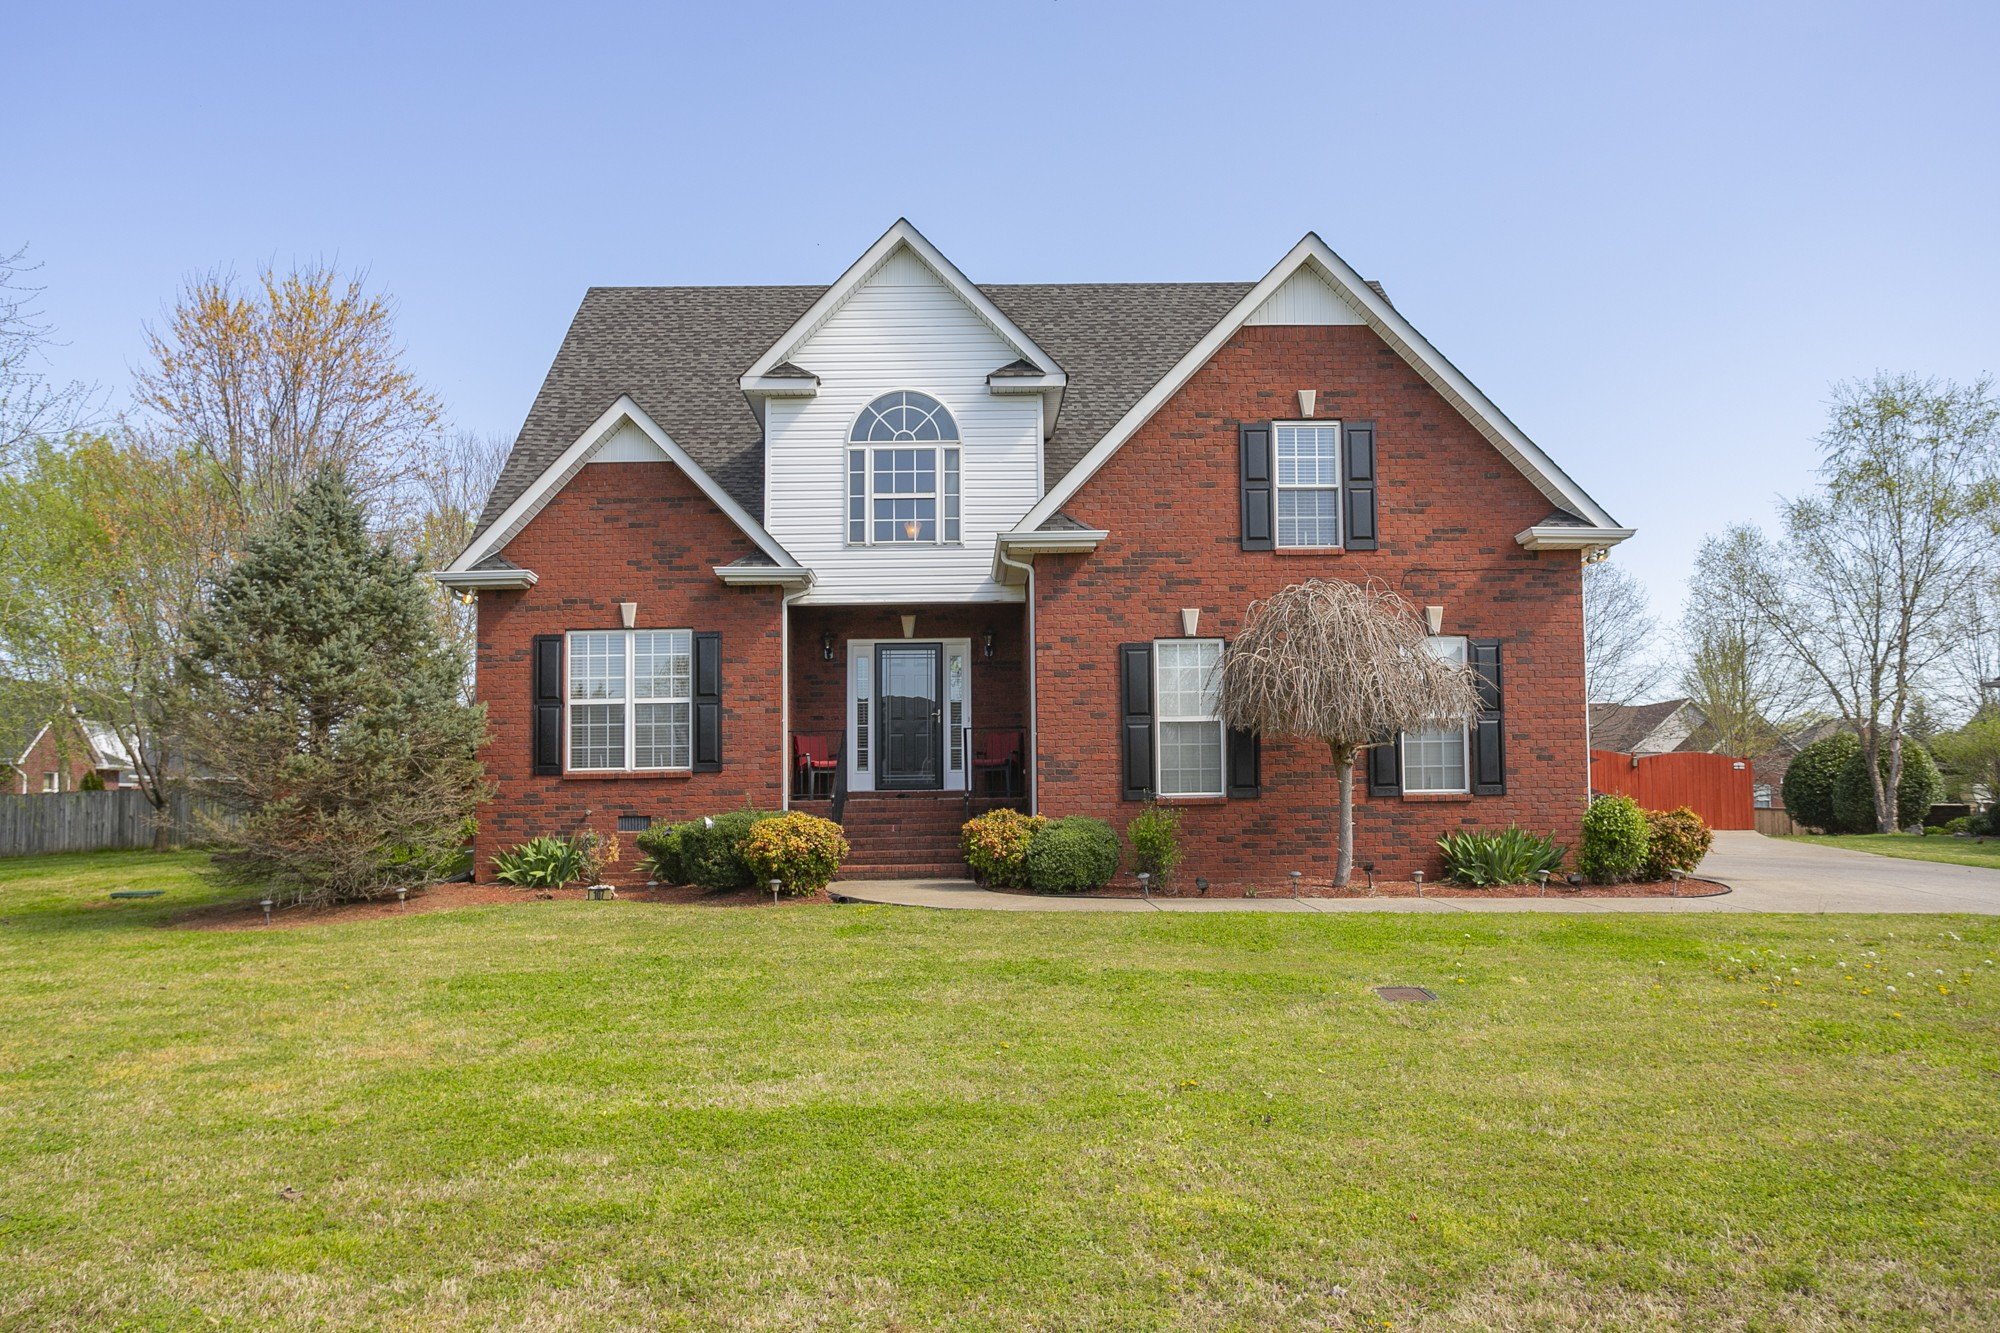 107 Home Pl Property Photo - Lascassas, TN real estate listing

______________________________

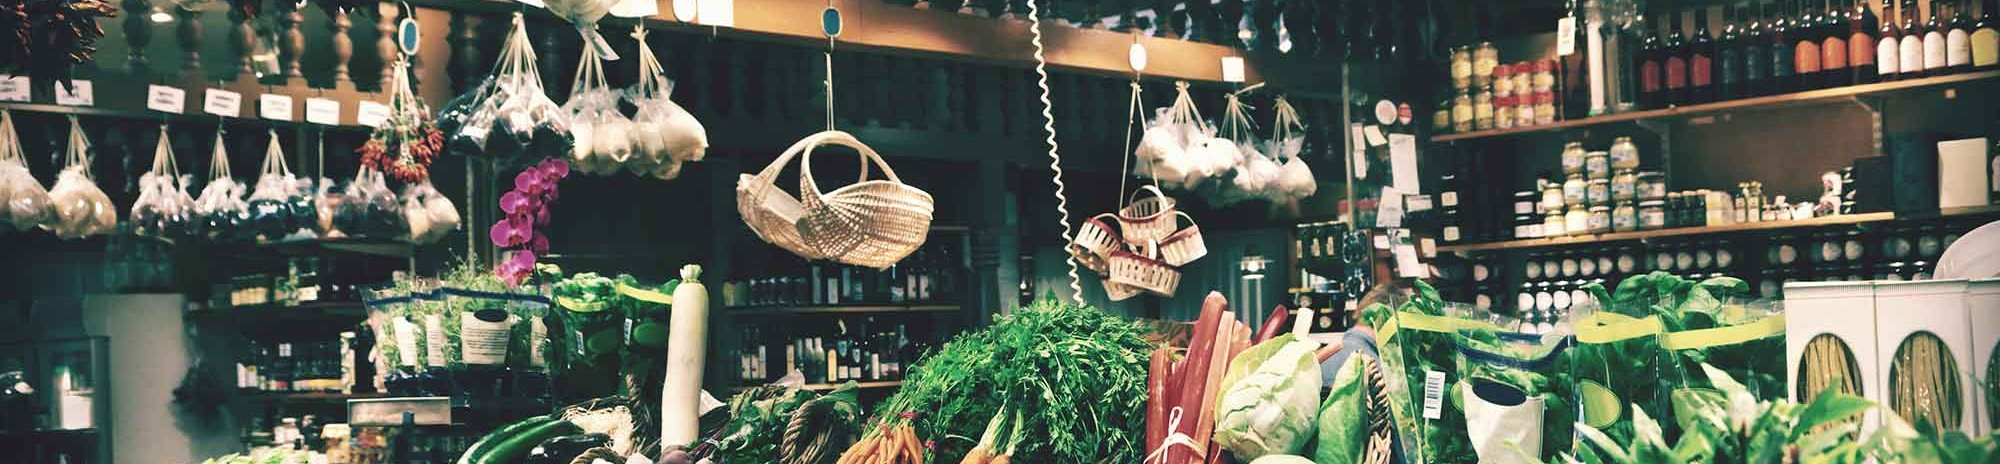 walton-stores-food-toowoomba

______________________________

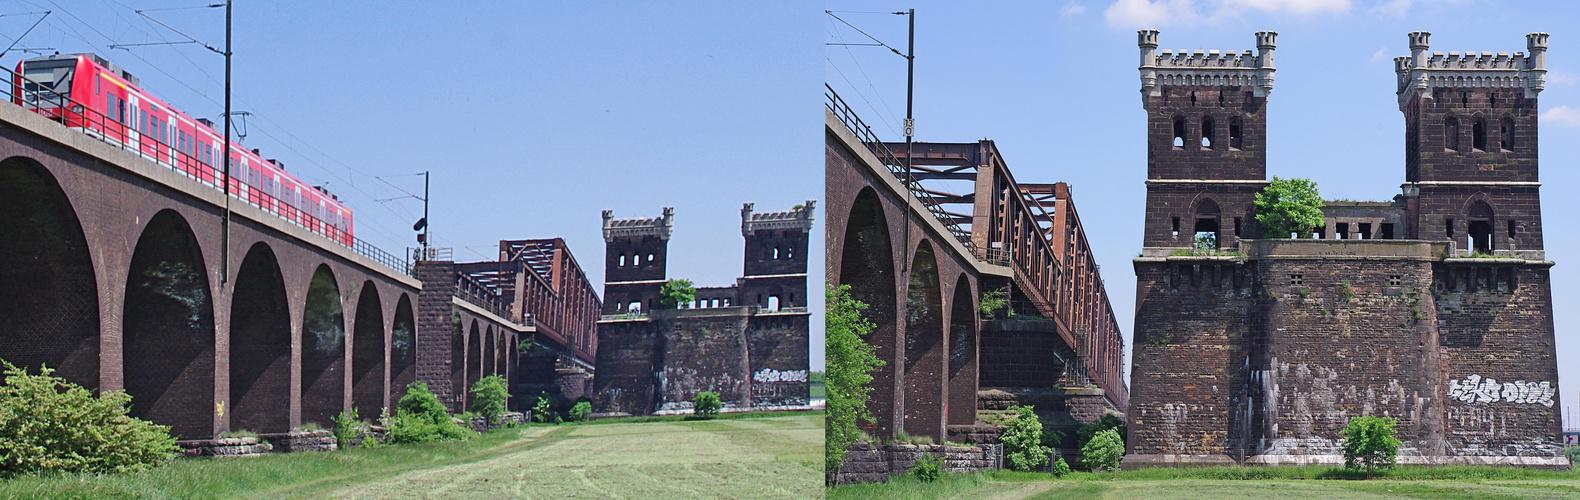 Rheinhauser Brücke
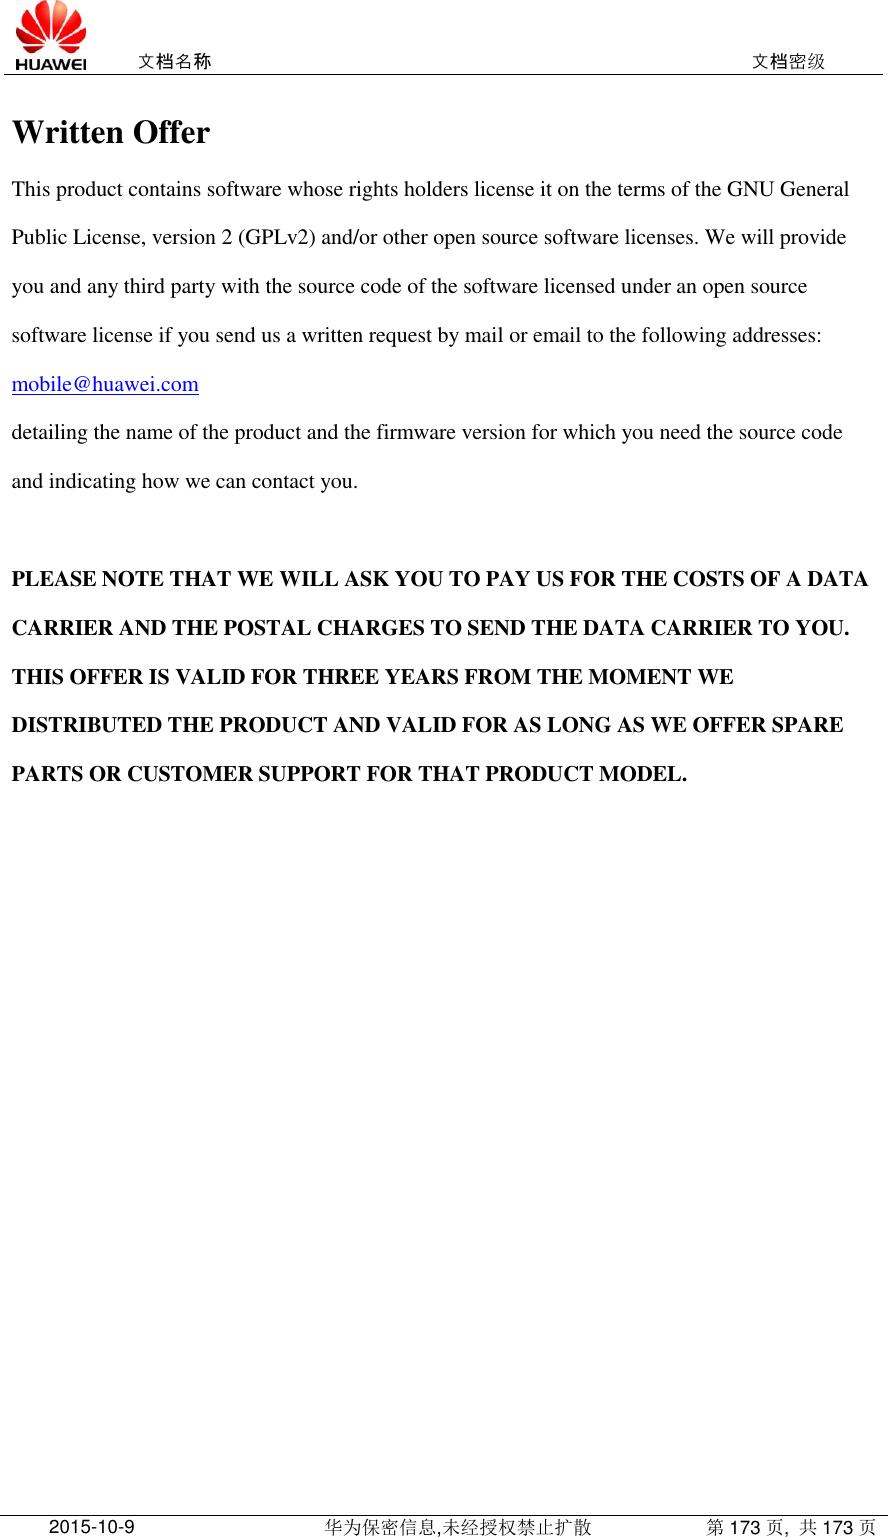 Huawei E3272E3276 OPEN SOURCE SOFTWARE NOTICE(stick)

______________________________

• What to do: Look through the material above. Transcribe exactly the lines between the ones with "Rheinhauser Brücke" and "Huawei E3272E3276 OPEN", inclusive, and keep pictures out.

• Task response:
 Rheinhauser Brücke
 Huawei E3272E3276 OPEN SOURCE SOFTWARE NOTICE(stick)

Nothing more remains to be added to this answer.